Under the pressure of the decreasing reserves of crude oil, natural gas (methane) is widely accepted as an alternative for fuel and more importantly as a fundamental building block for chemical synthesis.1 So far, only indirect conversion of methane via syngas (a certain ratio of H₂ and CO) process reaches a feasible commercial scale.2 This multistage process is not only energy‐intensive, operating at a high temperature with a high capital cost, but also accompanied by substantial CO₂ emission. Therefore, there are manifest financial and environmental incentives to explore the direct transformation of methane into value‐added chemicals under moderate conditions.

Among various direct transformation technologies, oxidative coupling of methane (OCM) to give ethane and ethylene has been regarded as a promising route for the valorisation of methane.3 However, it is difficult to activate or convert CH₄ owing to its inert nature, including its high C−H bond energy (439 kJ mol⁻¹), symmetrical tetrahedral geometry, and low polarizability (2.84×10⁻⁴⁰ C² m² J⁻¹).4 The introduction of oxygen and a high temperature are thus conventionally required to overcome the thermodynamic barriers and increase the conversion. Such reaction conditions inevitably produce the undesired while thermodynamically favourable products, CO₂ and graphitic carbon. The resulting low selectivity and low yield of C₂ products brings about a barrier to commercialization.
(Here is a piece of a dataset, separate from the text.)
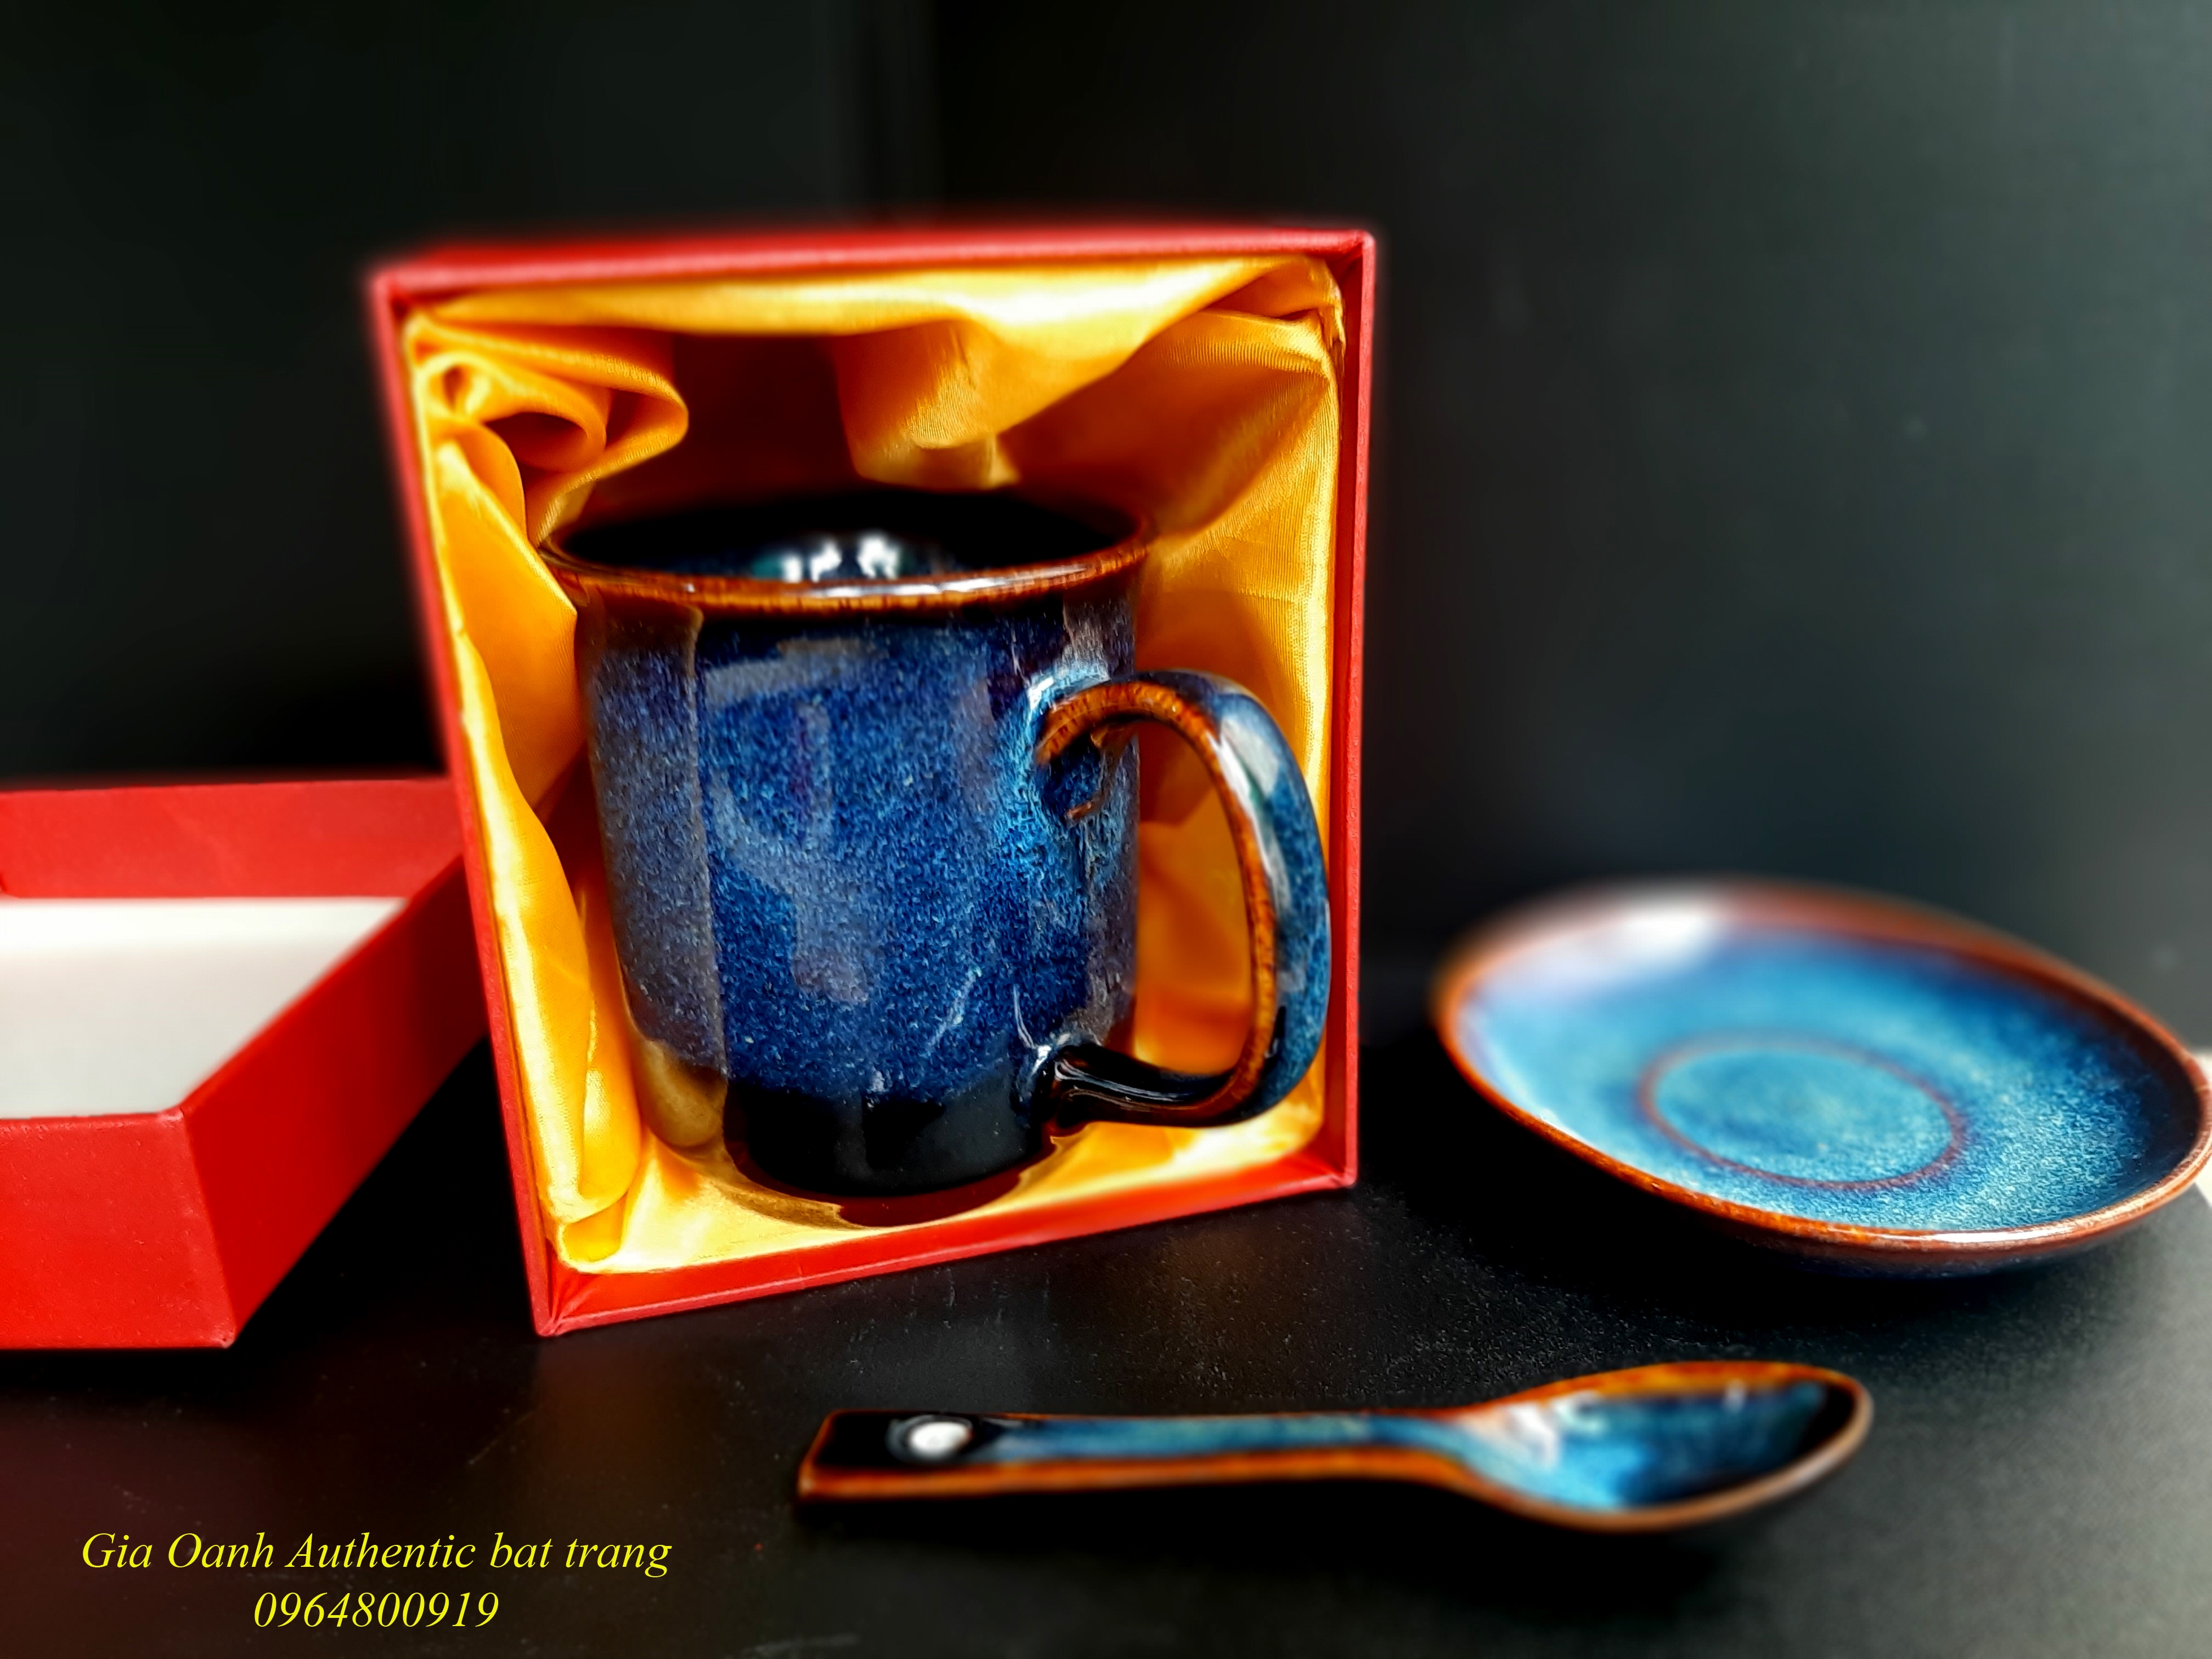 Cup set gift collection / Bộ quà tặng cốc sứ men xanh hỏa biến sản xuất tại xưởng gốm sứ Gia Oanh Authentic bat trang

Photocatalysis, employing photons under mild conditions instead of thermal energy, has been regarded as a potential economic technology to break the thermodynamic barrier to the direct conversion of methane. Thus, harsh reaction conditions, overoxidation, and the deposition of coke could be theoretically avoided. In the past two decades, a wide range of products have been successfully obtained through photocatalytic methane conversion, such as methanol,5 ethanol,6 ethane/ethylene,7 benzene,8 and syngas,9 in batch reactors, but with very moderate efficiency due to the following major causes. First, the high recombination rate of photoinduced carriers in the intrinsic semiconductor greatly limits their quantum efficiency, thus resulting in low conversion. Next, the pristine photocatalysts with an unmodified interface lead to poor selectivity because of overoxidation by the extremely oxidative photoholes in the valence band (VB) of the photocatalyst and the lack of active centres. More importantly, the majority of photocatalytic methane conversion reactions were carried out in batch reactors. Such reactions are easy to carry out, but it is theoretically hard to avoid overoxidation as the long residence time in the batch reactor favours the thermodynamically stable product CO₂. In addition, such a system is also challenging for scale‐up.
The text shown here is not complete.